Highlights of this episode:
- Benefits of an Out-of-Network Physical Therapy practice
- How chronic stress affects those body aches and pains
- Runners and people on wheelchairs
- Recovery and body physiology and biology
- 3 Simple ways to manage stress
- Call-to-action to relieve pain
Guest Bio:
Dr. Jacob Swart is the Athletes’ Potential. As a company it is their mission to prove that if you have a body you’re an athlete. They have helped thousands of people in the Atlanta area get back to living the healthy lifestyle they deserve and we’re just getting started. In addition to receiving his doctoral degree in Physical Therapy from Ohio University, Jacob is also a certified strength and conditioning specialist and CrossFit Level 1 coach. Jacob has worked with the men and women of the United States Air Force, current and former NFL players, US Olympics, multiple collegiate sports, CEOs, and desk jockeys alike. He is passionate about using his advanced background in strength and conditioning in conjunction with his training in manual therapy, performance dry needling and joint manipulations to help his clients reduce their risk of injury and perform at an optimal level.
Episode Show Notes:
[04:02] Benefits of an out-of-network physical therapy practice
Yes, I’m saying it, Out-of-Network physical therapy practice, Athlete’s Potential. While insurance plans help pay for physical therapy, many in-network practices are mainly checking off required procedures in order to get you to the minimum outcome possible. It’s not their fault, or this is to say that in-network physical therapists are not good at what they do, they just don’t have an incentive to get your potential. An out-of-network practice is mostly focused on not just getting you better, but helping you reach a higher potential. An approach that is focused on the whole person and the various aspects of their lives such as your eating behaviors, sleep patterns, work and commute situation, and yes, stress. And of course, we’re talking about the Chronic Stress that often goes undetected. Chronic Stress affects our joints and back in both direct and indirect ways.
[08:45] How chronic stress affects those body aches and pains
If you think about the plethora of stress in our lives over the last several years – COVID pandemic; racism and discrimination; political polarization; gun violence; worldwide recession; personal stressors and trauma like depression, loneliness, and anxiety – it’s no wonder that our bodies hurt. Chronic stress creates chronic inflammation in the body, which can perpetuate the very aches and pains that we deal with. Weight-stigma is a diet culture tool that increases people stress levels on a deep chronic and consistent level, along with guilt and shame that falls heavily on people and pressures them to be less active, eat less or healthier, and increases poorer sleep patterns. The flood of cortisol leads to more sugar and fat in the blood, which over time the body has a harder time managing. Exercise and help but too much can make things worse can indirectly add to more stress on the joints and might disrupt your sleep, your posture, and mindset as well.
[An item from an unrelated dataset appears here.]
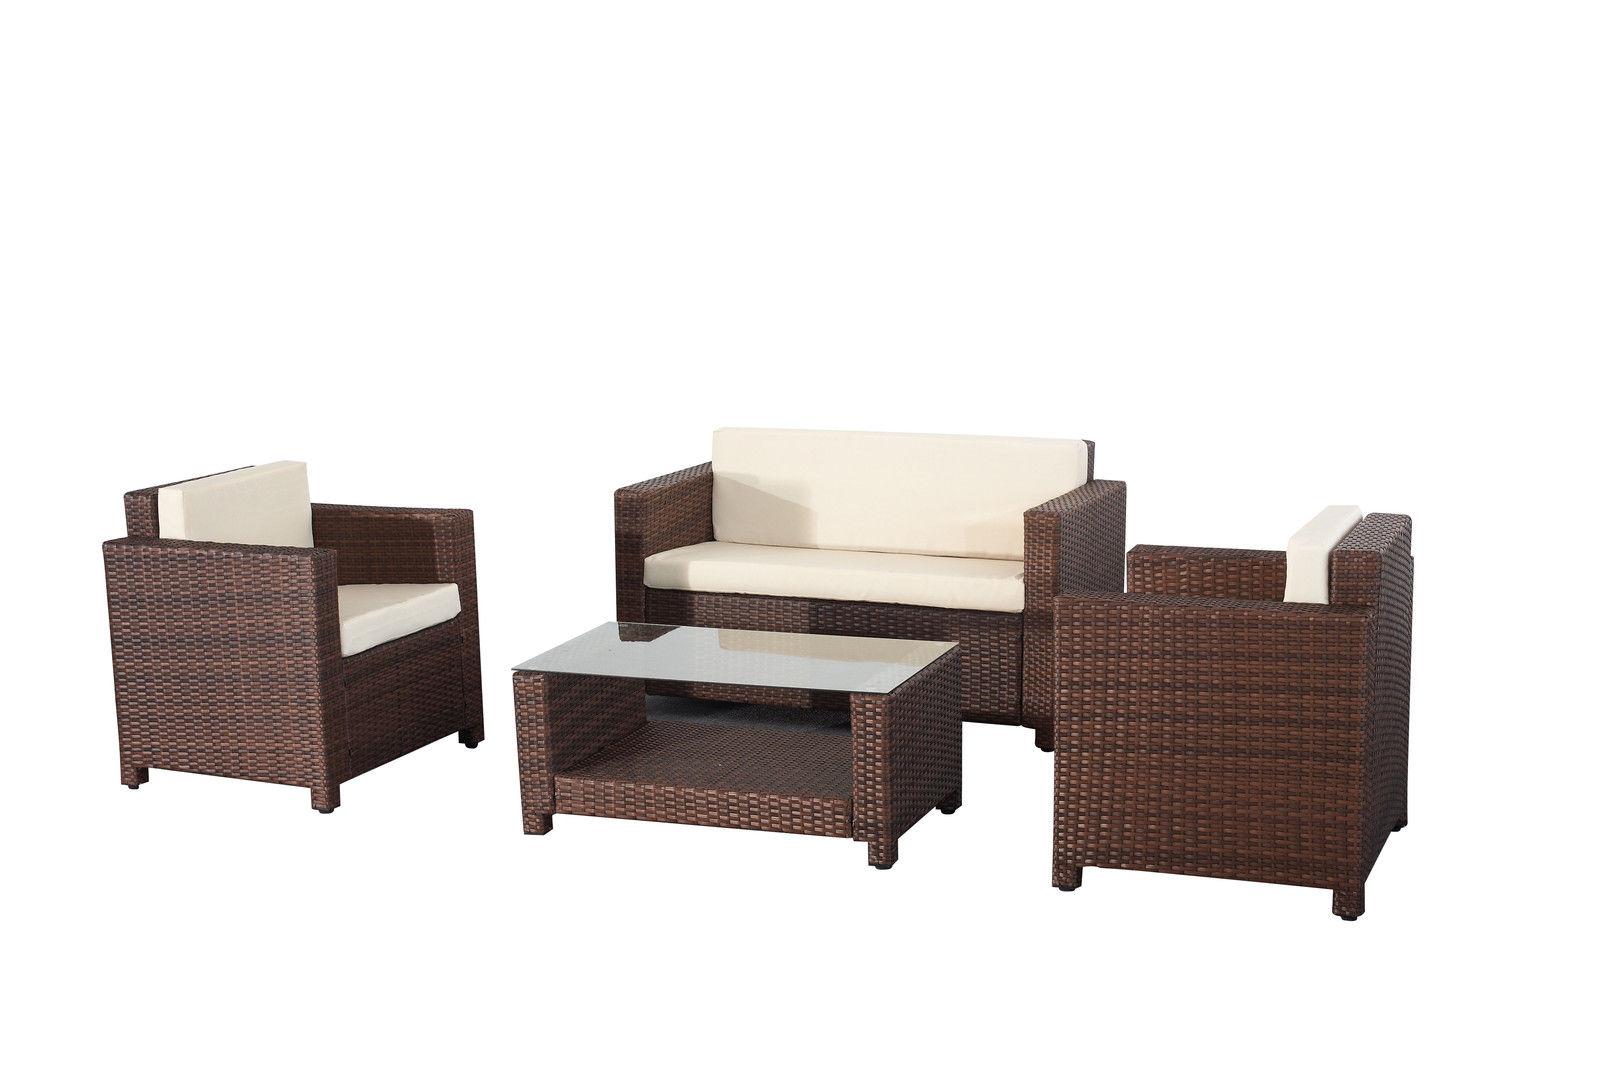 Brown Garden Furniture Sets: Evre Rome 4PCS Weatherproof Outdoor Furniture Set

[11:54] Runners or people on wheelchairs
One way of finding stress relief is running. Some people love to run several miles a week, compete in 5Ks, 10Ks, half-marathons, full marathons, and some even ultra-marathons. But what happens when that running no longer relieves the pain? What happens when that running is contributing to the pain? Is it form or function? It could be both. For example a teacher was training for a marathon and she was dealing with a lot of back pain. The physical therapist at Athlete’s Potential were able to see the erector muscles along her back just tensing up as she took a breath in. Or the client that came to Athlete’s Potential in a wheelchair because she was dealing with a severe Achilles tendonitis. They were able to look at the stress in her day and the effects on her sleep, which lead to poor circulation to an old tear in her tendon. With a little work on her sleep and stress management, exercises to help her move her legs and proper form, she was up walking again.
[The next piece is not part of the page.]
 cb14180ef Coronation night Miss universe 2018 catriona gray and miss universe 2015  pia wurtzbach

[21:51] Recovery and body physiology and biology
The body has a funny way of repairing itself, but one thing is for sure, providing the basics are essential. What are those basics? Eating, Resting, and Movement. These are the first methods of “stress management.” Let’s talk a little bit more about each of these.
Eating – obviously most of us eat, and you might be thinking “yes, we need to eat lots of greens, fruits, and lean proteins so I get my antioxidants and anti-inflammatories” but it’s about making sure to eat. Often, the chronic stress keeps us from listening to our bodies and we skip meals, drink water or coffee instead of eating BF, or grab a less than substantial snack to fuel our bodies when we’re running from meeting to meeting or picking up the kids from practice. Eating means providing your body with the nourishment, not just of healthy foods, and fuel at adequate times throughout the day to help keep your immune system, muscular-skeletal system, and all the other systems in check. When we don’t eat enough, we run the risk of exacerbating the stress in our days.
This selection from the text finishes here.